Hi Matt,
Sorry for the delay. Had some unexpected time away from the keyboard this weekend.
Responses inline.
On Fri, December 4, 2015 3:49 am, Matt Vander Werf wrote:
Hi J.C.,
Thanks for the e-mail and advice!
A couple of questions:
What's the default --lqueue value that Xymon uses? (Is there a way to see what it's using?)
What exactly is your definition of "tons of simultaneous connections" here? Can you give me a number or range that you think would warrant increasing the --lqueue value?
The default is 512, which is compiled in. This really won't need to be increased unless xymond is being bogged down with lots of *literally* simultaneous waiting connections. It can be increased, but there's probably another sort of problem happening: either slow connectivity, high CPU load, or "backpressure" from too many channel workers causing xymond itself to be unable to keep up. I'm trying to think back and I don't think I had cause to increase it until SN was regularly hitting the 2500 msgs/s range, and it was lowered back down once other performance bottlenecks and some packet loss were identified.

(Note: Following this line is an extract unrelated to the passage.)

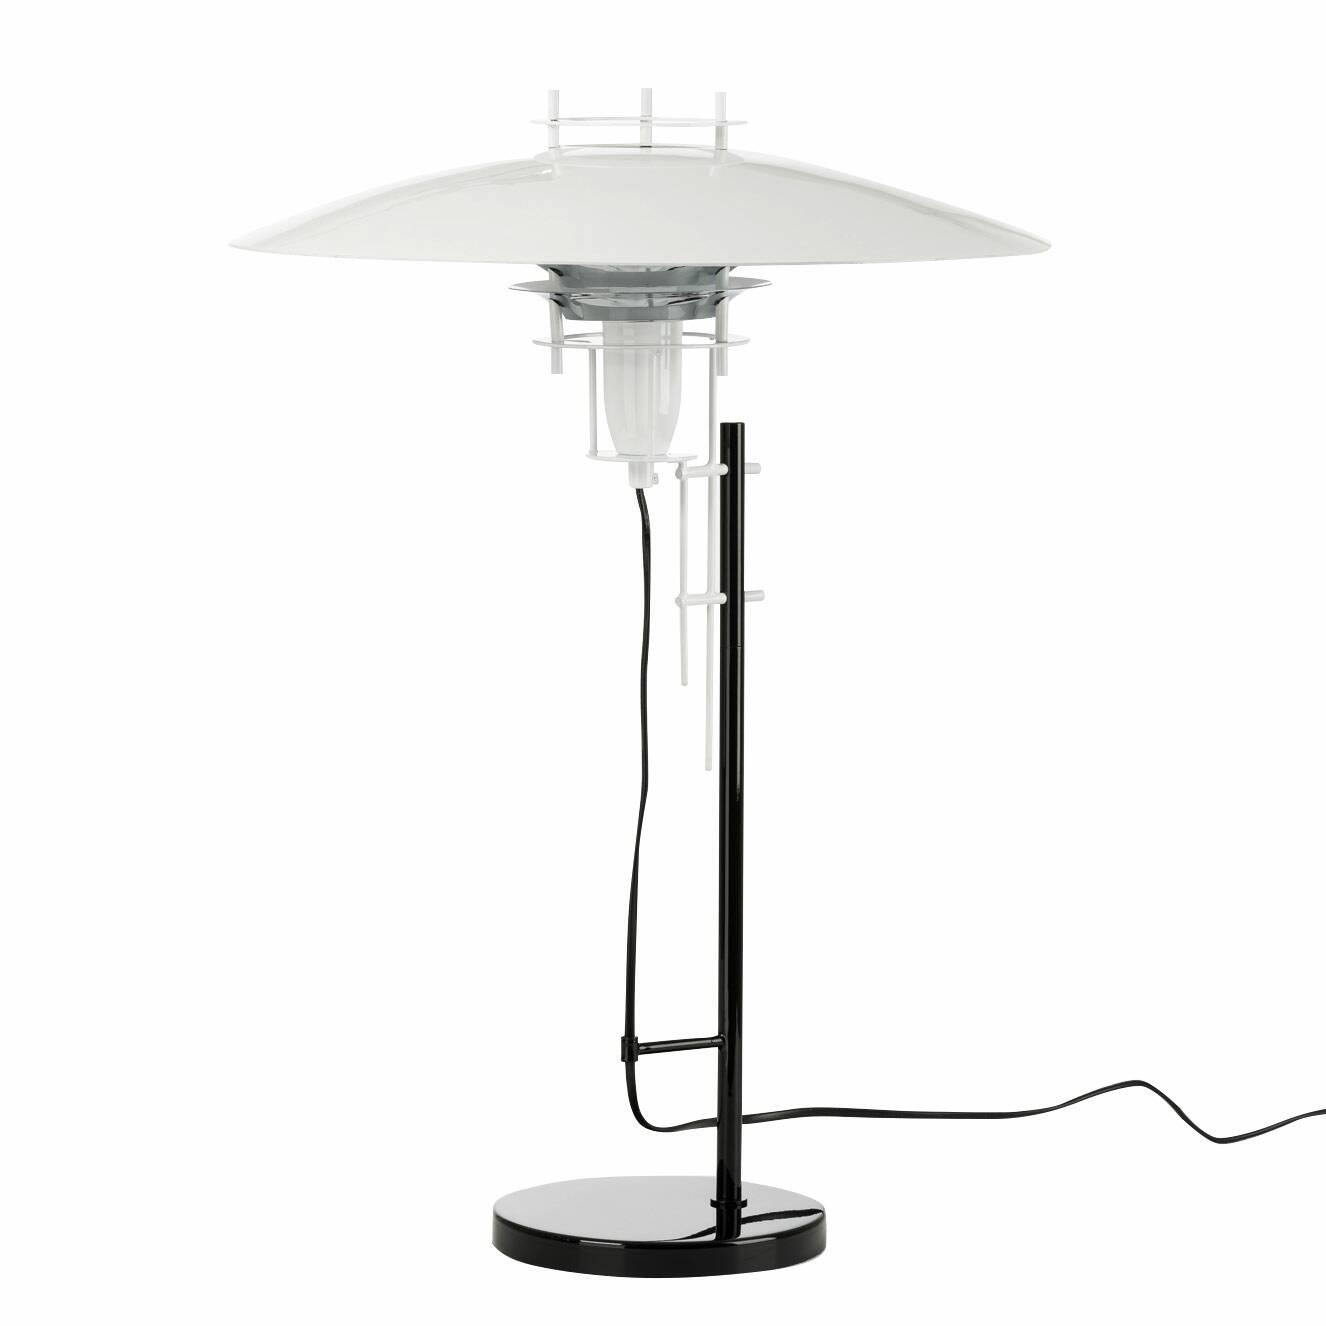 Настольный светильник JL2PНастольные<br>Дизайнерский настольный светильник JL2P (ЖЛ2П) в стиле хай-тек от Cosmo (Космо).<br><br><br> Наличие четких и ясных геометрических форм, минимализм и техногенность — эти черты присущи популярному сегодня стилю хай-тек. Металл и стекло, большей частью используемые в этом стиле, визуально увеличивают пространство, придают помещению больше легкости и света.<br><br><br> Настольный оригинальный светильник JL2P от финского дизайнера Юхи Ильмари Лейвиска ярко выражает суть интерьера в стиле хай-тек: ничего л...<br><br>stock: 6<br>Высота: 61<br>Диаметр: 43<br>Количество ламп: 1<br>Материал абажура: Алюминий<br>Материал арматуры: Металл<br>Ламп в комплекте: Нет<br>Напряжение: 220<br>Тип лампы/цоколь: E27<br>Цвет абажура: Белый<br>Цвет арматуры: Черный

Try stracing xymond and seeing what it's doing. If there's a lot of waiting happening for network reading, that might be a sign that lqueue increasing could help. 768 or 1024 should be more than sufficient. Anything more than that except at bursts means there's some other backlog.
Could it be from clients/senders with longer than usual process listings? Or other clientlog statistics? (But still under the max client message value.)
It's possible, but unless you're bandwidth restricted somewhere senders should generally still be able to complete in the default time frame. If you *are* bandwith restricted then that's definitely something to consider, especially if the machines you're having problems with have a lot of burst network activity. (Speaking of burst network activity, try commenting out the 'netstat' output in the client if you don't have any port checks against the host.)
How would I be able to tell if there are long messages being sent in if the long messages are being discarded?
Yeah, this should probably be added in. Truncated messages have their first line displayed, but it's not so much a 'discard' here as it is a network timeout first and foremost.
An strace with the -s 4096 (or some high number) might be able to catch the first bit of a read from the client if you're lucky there...
HTH, -jc